In the present investigation, a systematic approach was defined to design and prepare solid dispersion of a poorly water-soluble drug. CIL was selected as the model drug to develop this approach. The systematic approach was divided into four phases. In the first phase, CIL was assessed for its glass forming ability. Based on the glass transition temperature, heat capacity measurements and fragility index, CIL was assigned to be a poor glass former.
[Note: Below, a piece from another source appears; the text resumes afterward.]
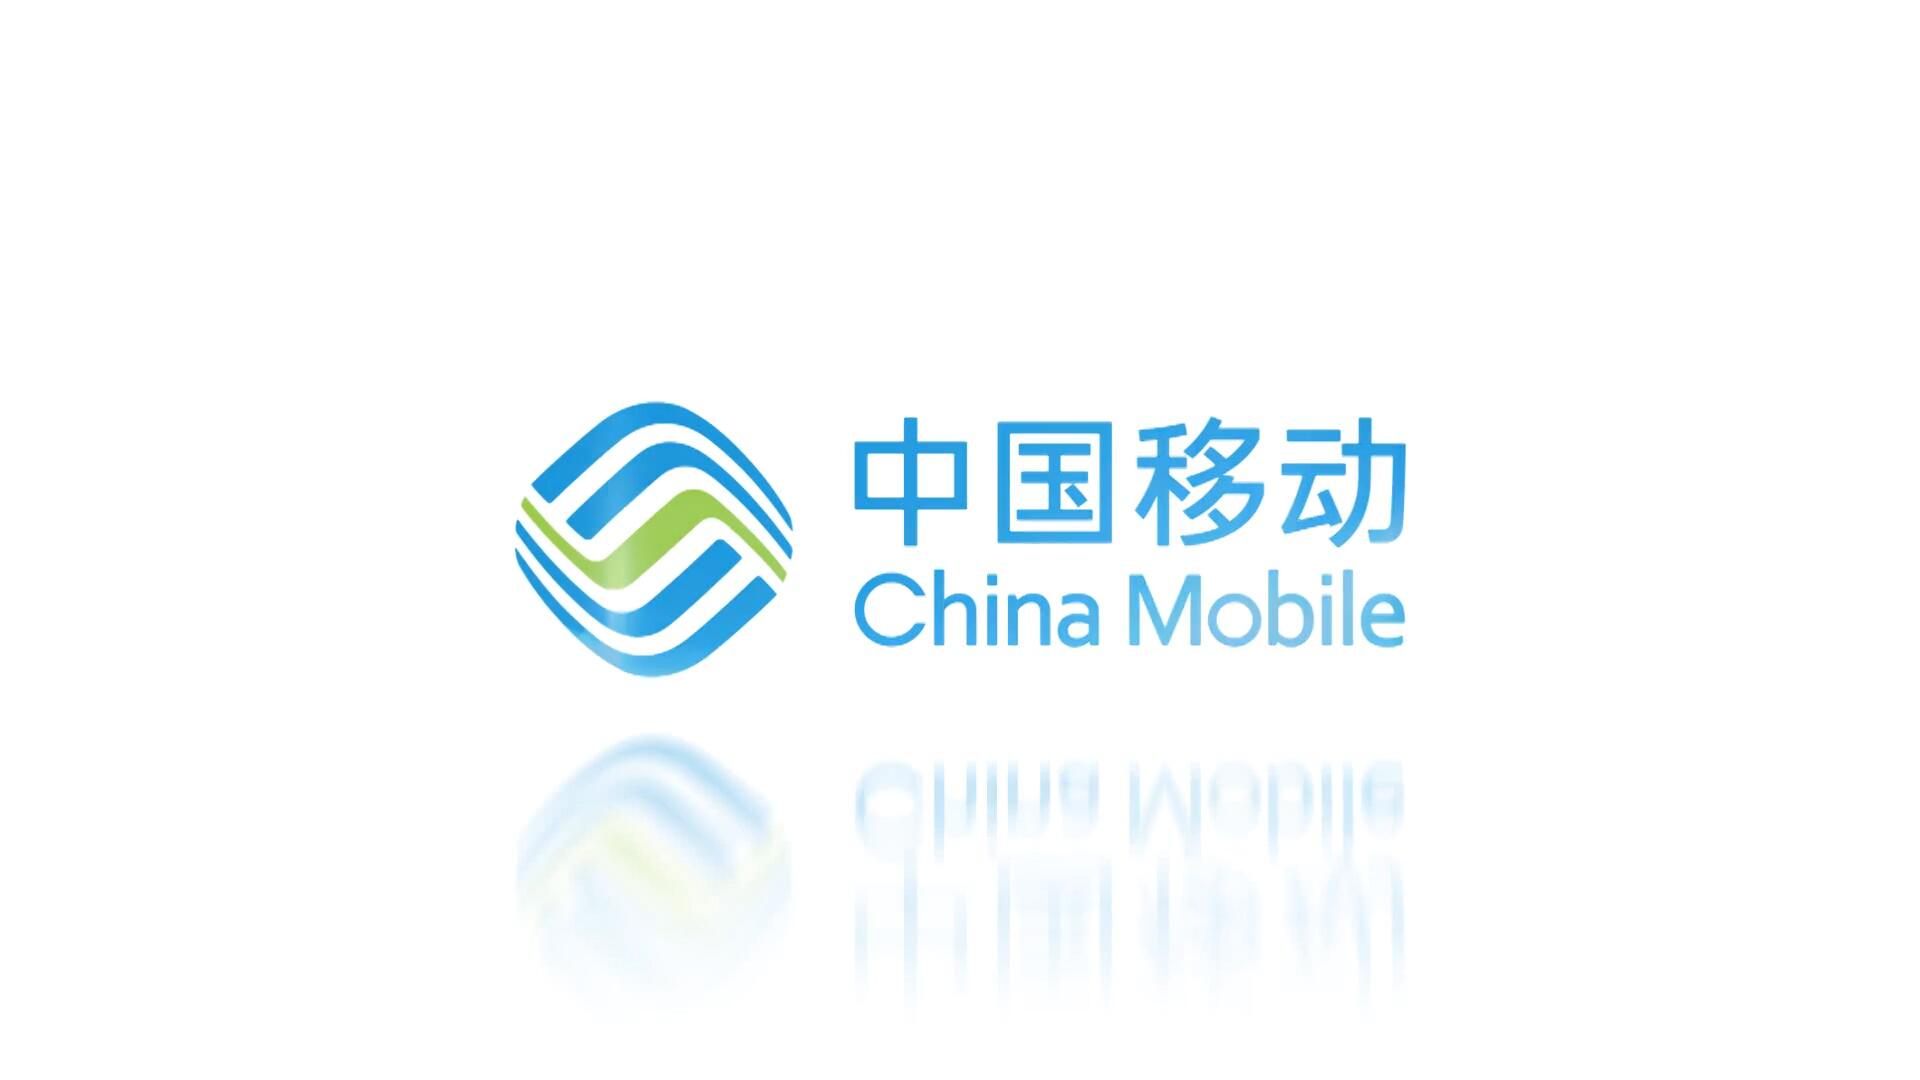 中国移动国际企业宣传片

In the second phase, screening of selected excipients was carried out based on difference in solubility parameters, and PVP, copovidone, HPMC and EPO were selected as having good theoretical miscibility with CIL. The selected excipients were evaluated in the third phase for glass transition temperatures (T_g) and miscibility studies according to Florey–Huggins interaction parameter. Out of the four excipients selected in the second phase, only three (except EPO) were used to prepare the solid dispersion by spray drying and were evaluated for T_g and any interactions using FTIR studies (fourth phase). The outcome of T_g’s of the spray-dried samples and their FTIR analysis found a good correlation with predictions of the third phase. And after going through phases 2 to 4, only povidone, copovidone and hypromellose were confirmed as polymer of choice of preparing the solid dispersion of CIL with a prediction of better physical solid-state stability on the basis of good miscibility between drug and carrier.